Templates sit under modules/codegen/src/main/resources/templates/<language>/<framework>/, one tree per target, each file a .hbs named after the output it renders:

templates/
├── python/fastapi/   main.py, config.py, database.py, app/{redaction,pagination}.py,
│                     schemas/entity.py, routers/entity.py, services/entity.py
├── go/chi/           cmd/, internal/{models,handlers,auth}, migrations/
└── ts/express/       src/{index,app,config}.ts, src/{routes,services,schemas}/entity.ts,
                      src/middleware/{error,validate,auth}.ts

There is no JSON manifest. Each target's file list is Scala: TsTemplates and its Go and Python siblings load every .hbs by name into a typed record, so a missing or renamed template is a compile error, not a runtime surprise. The entity-named templates (routers/entity, services/entity, schemas/entity) render once per entity; the rest render once per service.

What a template renders against

The context is the IR with the convention engine's decisions folded in: every operation arrives carrying its endpoint (method, path, status), and an OperationContext precomputes what each file needs, the imports, the operations grouped by entity, the auth dependencies, so a template reads them directly rather than recomputing. The head of the FastAPI router template:

{{#each routerImports.stdlibImports}}
from {{this.module}} import {{join this.names ", "}}
{{/each}}
from fastapi import APIRouter{{#if routerImports.needsHttpException}}, HTTPException{{/if}}
{{#if routerImports.authDeps.length}}
from app.security import {{join routerImports.authDeps ", "}}
{{/if}}
router = APIRouter(tags=["{{snake_case entity.entityName}}"])
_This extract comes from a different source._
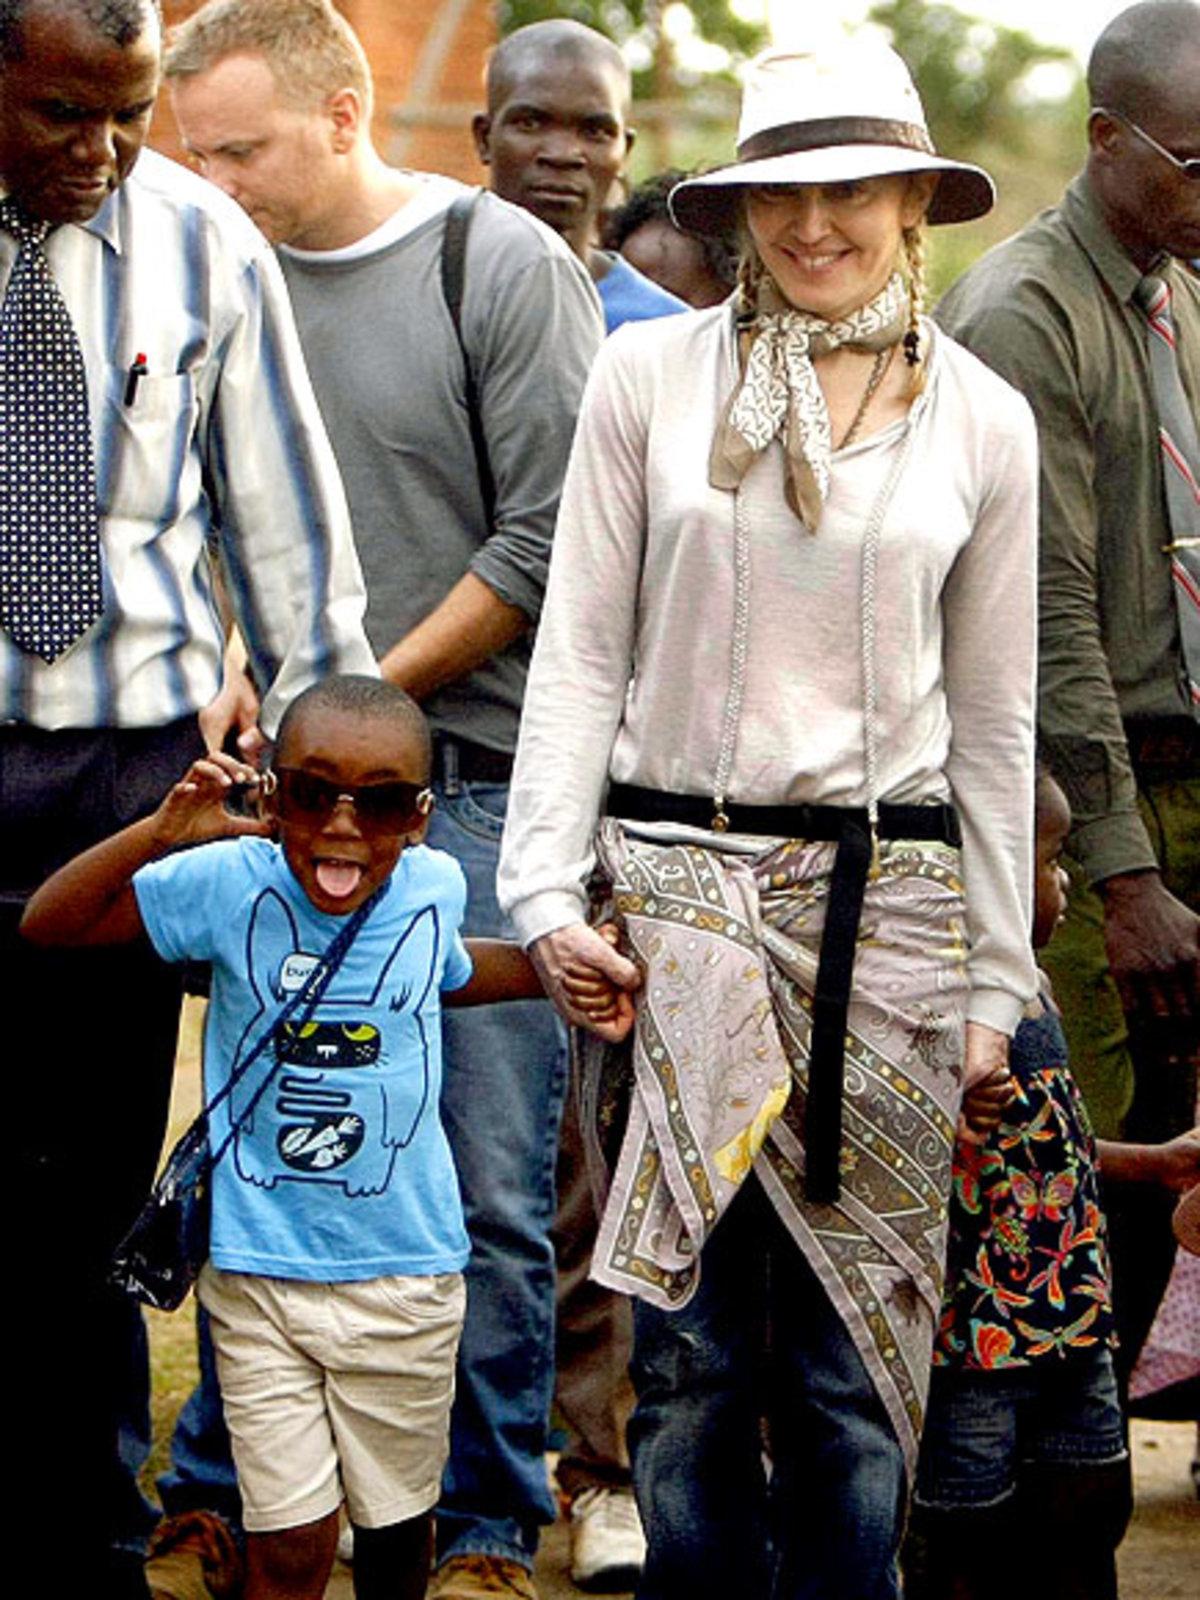 Η Μαντόνα με το γιό της David Banda στο Μαλάουϊ

Those decisions come from the convention engine once and feed every target, so a new convention rule changes one place and all three targets inherit it.

The synthesized kernel

When an operation is synthesized, its verified Dafny body is compiled and dropped in as a kernel rather than inlined into a template. DafnyKernel places the translated module, and the templates emit a thin adapter (dafnyKernel/adapter, plus a copy script on the TypeScript target) that converts between the kernel's types and the service's. How the body gets verified and compiled is the synthesis subsection; here it is just another file the service imports.

Keeping templates honest

Three gates catch template rot. Golden tests render each target for the canonical fixtures and diff against checked-in output, so any change that alters a byte gets reviewed. A compilation gate runs the generated project through the target's own tools, ruff and mypy, go build and go vet, tsc --noEmit. And the conformance suite runs the generated service against its spec. A template that emits code which does not lint, compile, or conform fails CI.